◆ TASK GOAL: Look through the entries below and copy exactly the part that begins with the line containing "Oli and Hali" and ends with the line containing "seagate game drive for xbox stores". Do not copy the pictures.

◆ ENTRIES SUPPLIED:
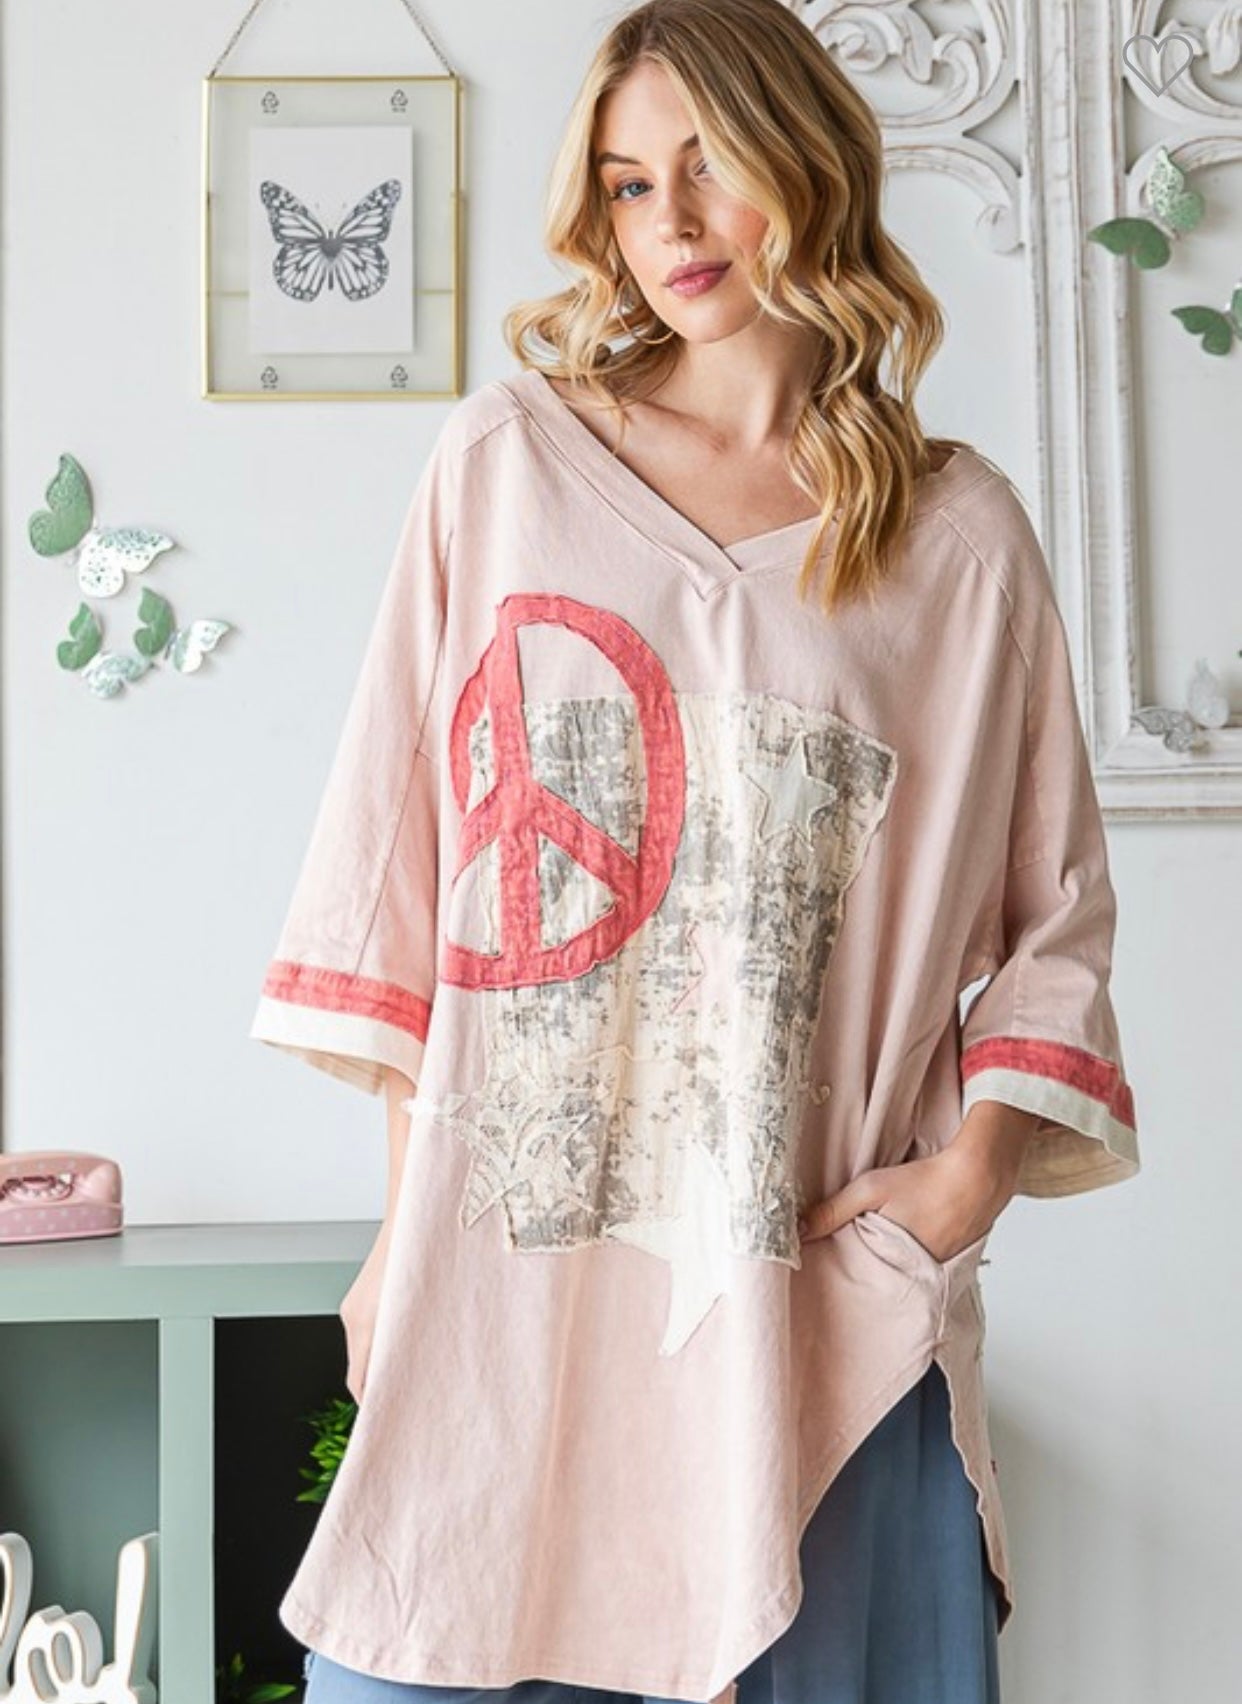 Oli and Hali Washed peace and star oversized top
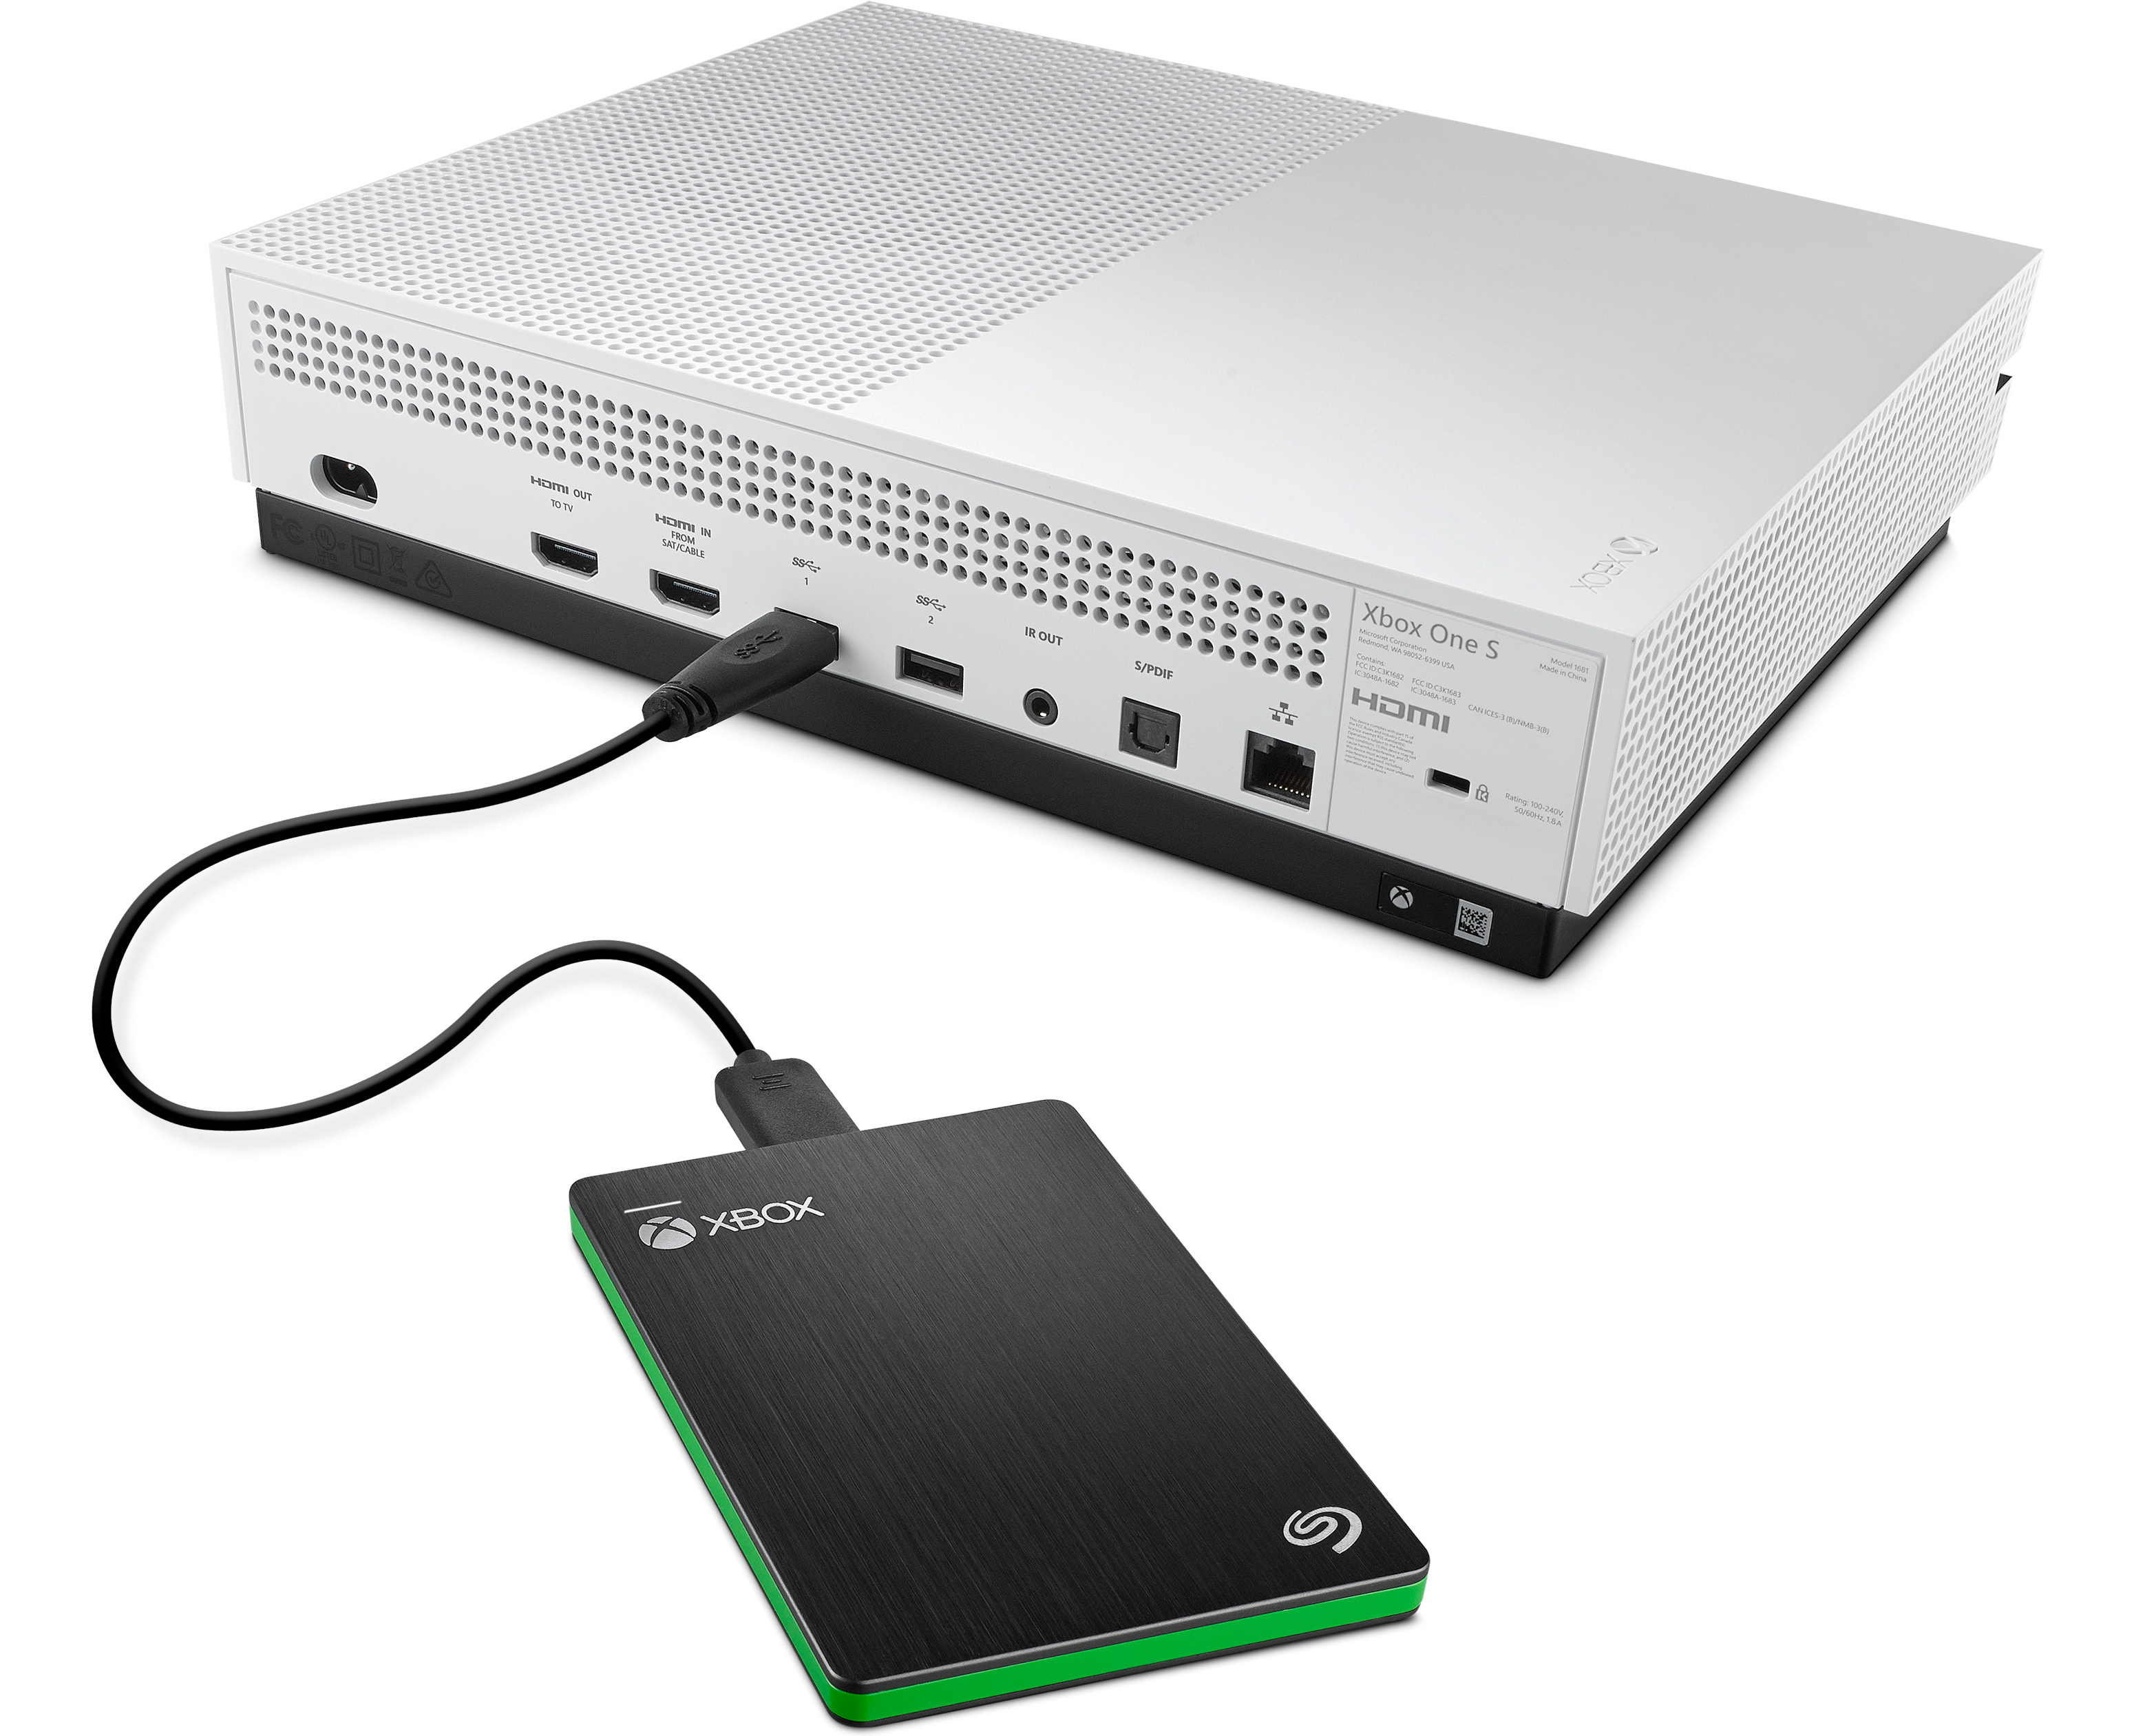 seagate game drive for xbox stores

==

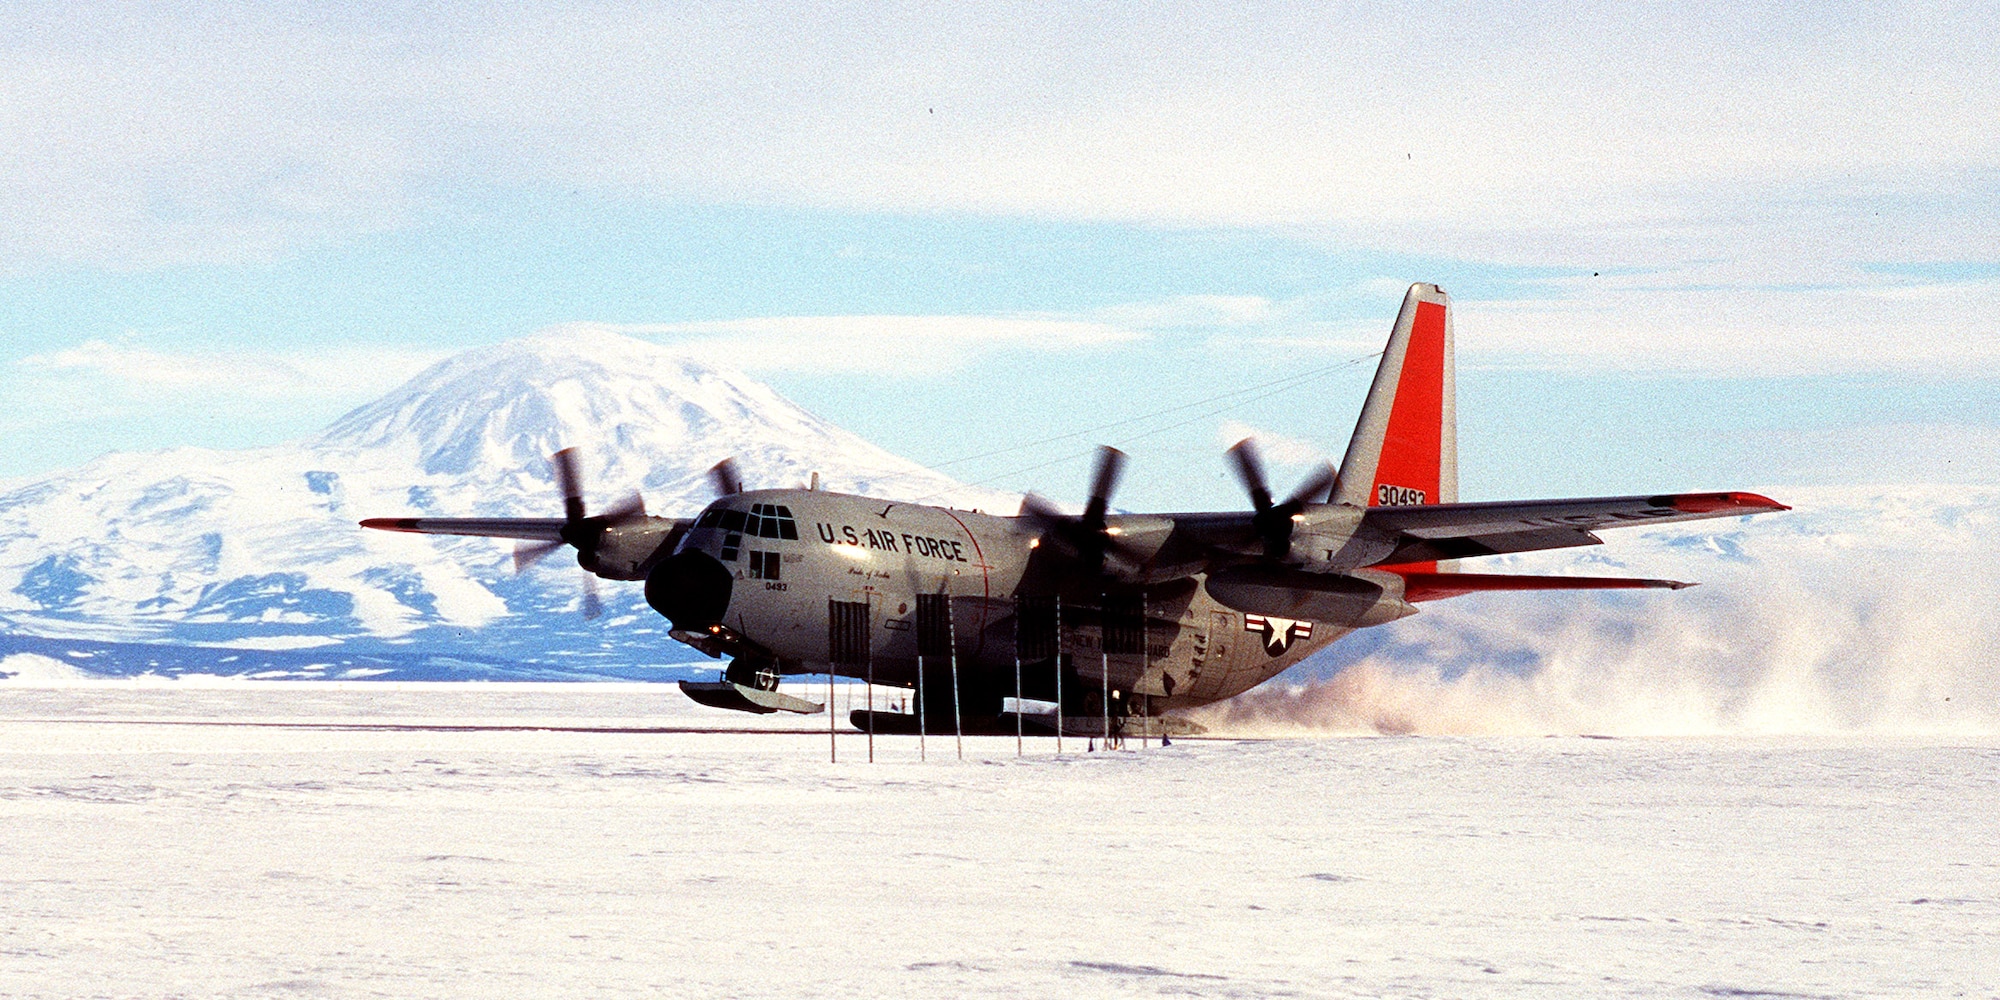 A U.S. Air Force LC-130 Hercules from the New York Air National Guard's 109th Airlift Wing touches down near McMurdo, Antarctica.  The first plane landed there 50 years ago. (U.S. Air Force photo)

◆ YOUR RESPONSE:
 Oli and Hali Washed peace and star oversized top
 seagate game drive for xbox stores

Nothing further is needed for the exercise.